The Issue with Overoptimization

Reward models, trained through finite human preference datasets, harbor inaccuracies that may inadvertently promote reward overoptimization or hacking in BoN (best-of-n) sampling or RLHF scenarios. This typically manifests as the model generating responses with artificially inflated rewards that do not align with true human preferences, particularly exacerbated in OOD cases where the reward model’s training data is sparse. The paper underscores the importance of overcoming this challenge to prevent performance degradation and safety issues in practical applications of LLMs.

Bayesian Techniques for Uncertainty Estimation

The core contribution of this paper revolves around employing Bayesian deep learning as a mechanism to address overoptimization. The methodology hinges on the Bayesian Low-Rank Adaptation (LoRA) technique, or Laplace-LoRA, which adaptively furnishes LLMs with uncertainty estimates across their response spectrums. By doing so, it not only fortifies the model against overconfidence but also makes strides toward mitigating overoptimization - particularly in scenarios where the model encounters OOD data. The uncertainty quantification offered by Bayesian methods, especially with Laplace-LoRA as elucidated in Yang et al. (2024), presents a scalable and parameter-efficient avenue for enhancing LLM robustness and safety.

Methodology

The paper explore a sophisticated methodology for integrating uncertainty quantification into reward modeling through Laplace-LoRA. This approach estimates a Gaussian distribution over the reward outputs, enabling the model to understand and adjust for the uncertainty inherent in its predictions. Moreover, it proposes utilizing either a standard deviation-based or a variance-based penalty to incorporate these uncertainty estimates into the reward estimation process, which effectively adjusts the reward predictions to account for their associated uncertainties. By honing in on these nuances, the methodology advocates for a more refined and reliable allocation of rewards, particularly proving detrimental to reward exploitation tendencies in OOD scenarios.

Empirical Validation

Through a series of experiments involving comparisons between proxy and gold-standard reward models across varying levels of KL divergence, the paper empirically demonstrates the efficacy of incorporating uncertainty penalties into the reward estimation process. It explicitly shows that Laplace-LoRA significantly mitigates the issue of reward overoptimization in BoN sampling, underscoring the method’s practical viability and effectiveness. Notably, the empirical insights validate the potential of variance-based penalty methods, highlighting their slightly superior performance in conditions of lower KL divergence.

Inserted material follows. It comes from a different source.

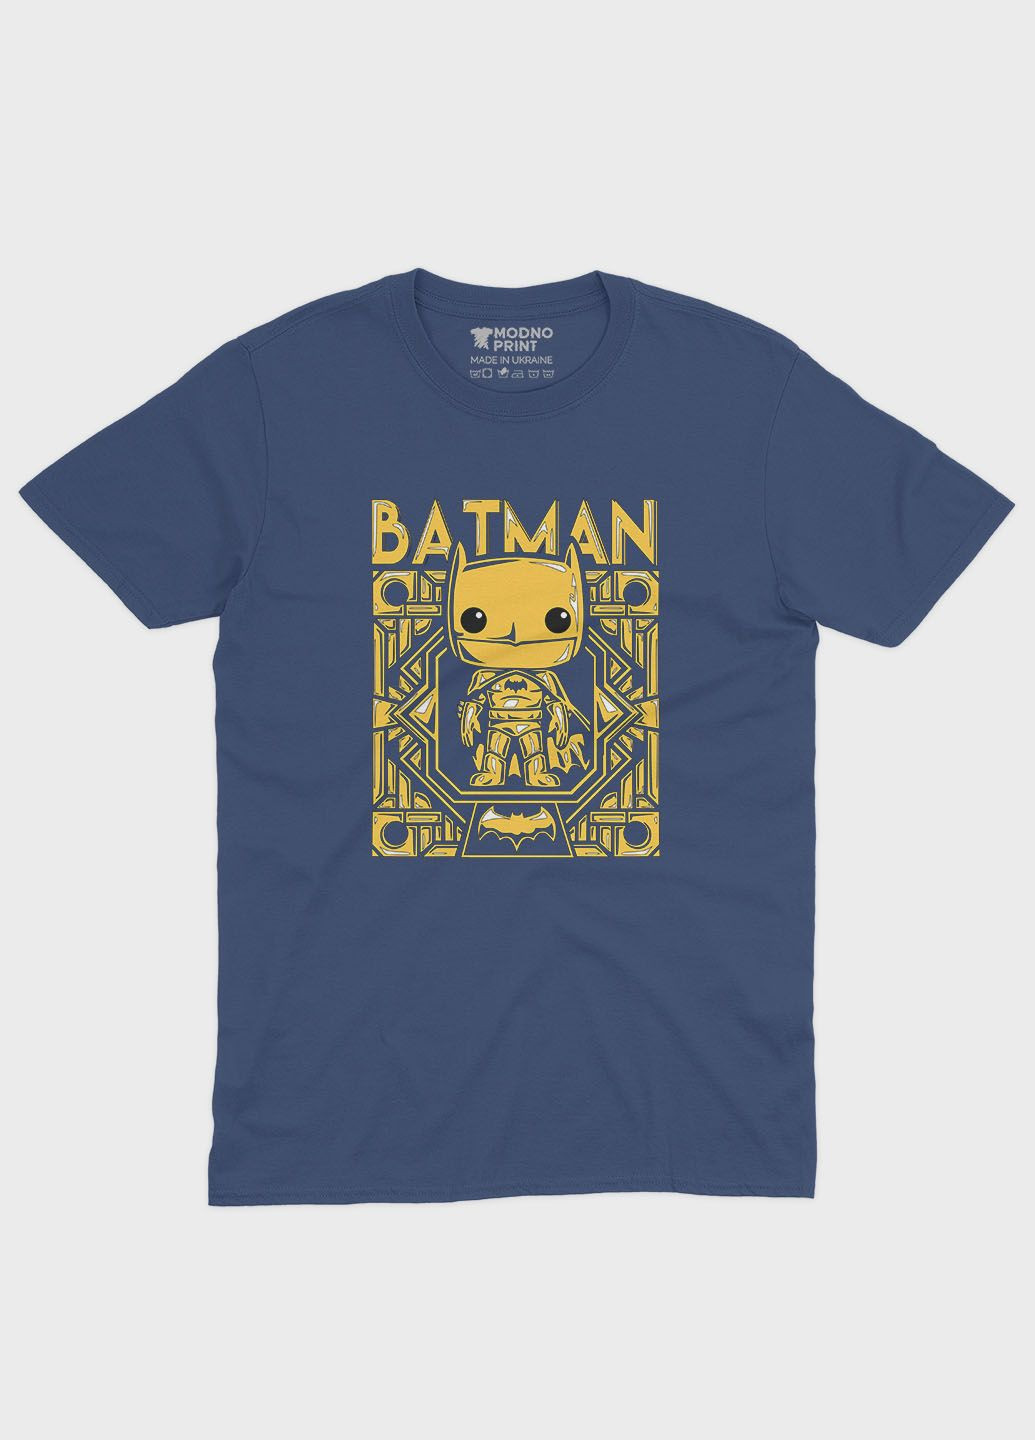 Темно-синяя демисезонная футболка для мальчика с принтом супергероя - бэтмен (ts001-1-nav-006-003-004-b) Modno

Conclusion and Future Perspectives

The adoption of Bayesian reward models, epitomized by the Laplace-LoRA technique, marks a significant advance in the quest for aligning LLMs with human preferences while mitigating reward overoptimization. This paper not only elucidates a critical challenge in the field but also proposes a robust, theoretically underpinned, and empirically validated solution. Looking forward, it opens avenues for further exploration in enhancing the safety and reliability of LLMs, potentially influencing future developments in generative AI through a nuanced understanding and application of Bayesian methods for uncertainty quantification.